Terms and Conditions
CH WASTE SERVICES LLC WASTE REMOVAL AGREEMENT THIS AGREEMENT is entered into on , 20 between CH Waste Services, LLC
(“CH”), and (the “Customer”) for services at under the following terms and conditions:
1. Services. CH shall provide to Customer waste removal services as specified by this Agreement.
a. CH shall primarily provide for waste transportation vehicle(s) and one driver per vehicle to transport non- hazardous waste exclusive of large items to a dumping facility selected by CH.
b. The Customer agrees to have the waste or debris to be removed organized (i.e., bags, containers, etc.) in a manner
that will allow for its prompt and safe placement into CH’s waste transportation vehicle(s) (the “Vehicle(s)”).
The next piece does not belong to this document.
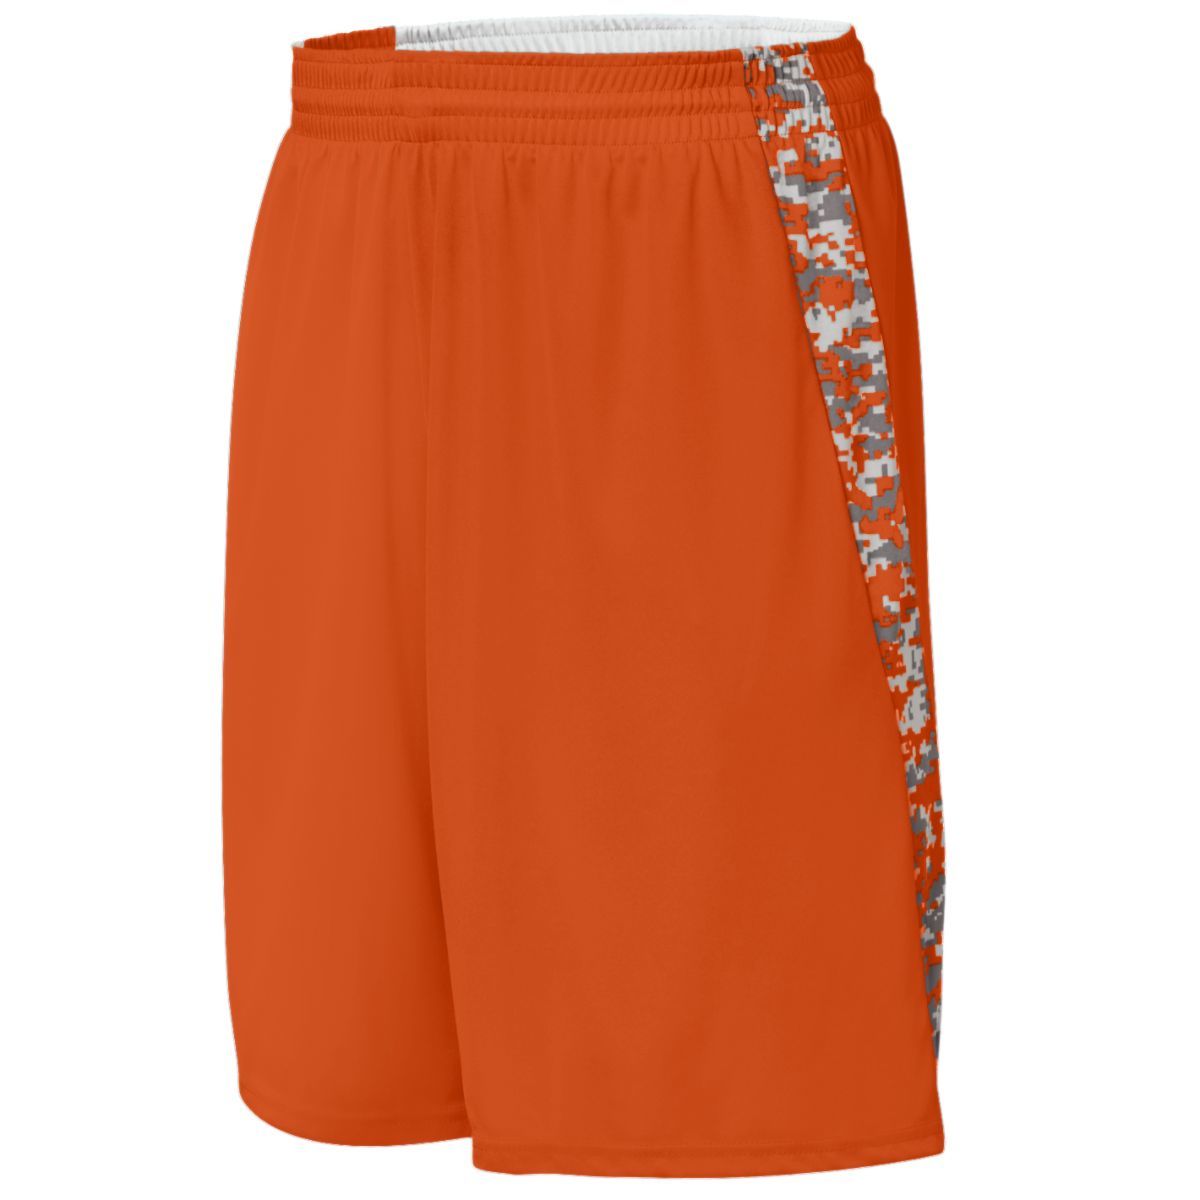 Augusta Sportswear Youth Hook Shot Reversible Shorts in Orange/Orange Digi  -Part of the Youth, Youth-Shorts, Augusta-Products, Basketball, All-Sports, All-Sports-1 product lines at KanaleyCreations.com

CH personnel will
assist with the placement of the waste o debris into CH’s waste transportation vehicle(s) (the “Vehicle(s)”).
c. CH does not collect, dispose of, or allow the placement in the Vehicles any of the following materials: appliances,
furniture, food, and flammable, toxic, contaminated, hazardous or bio-hazardous materials. Moreover, should you have any concerns
whether certain parts of your materials include any of the materials listed above, please let us know in advance. Failure to do so will
lead to cancellation fees or significantly higher fees as determined by CH in its sole discretion. The load capacity of the CH’s vehicles
is approximately 14 cubic yards each (subject change/availability).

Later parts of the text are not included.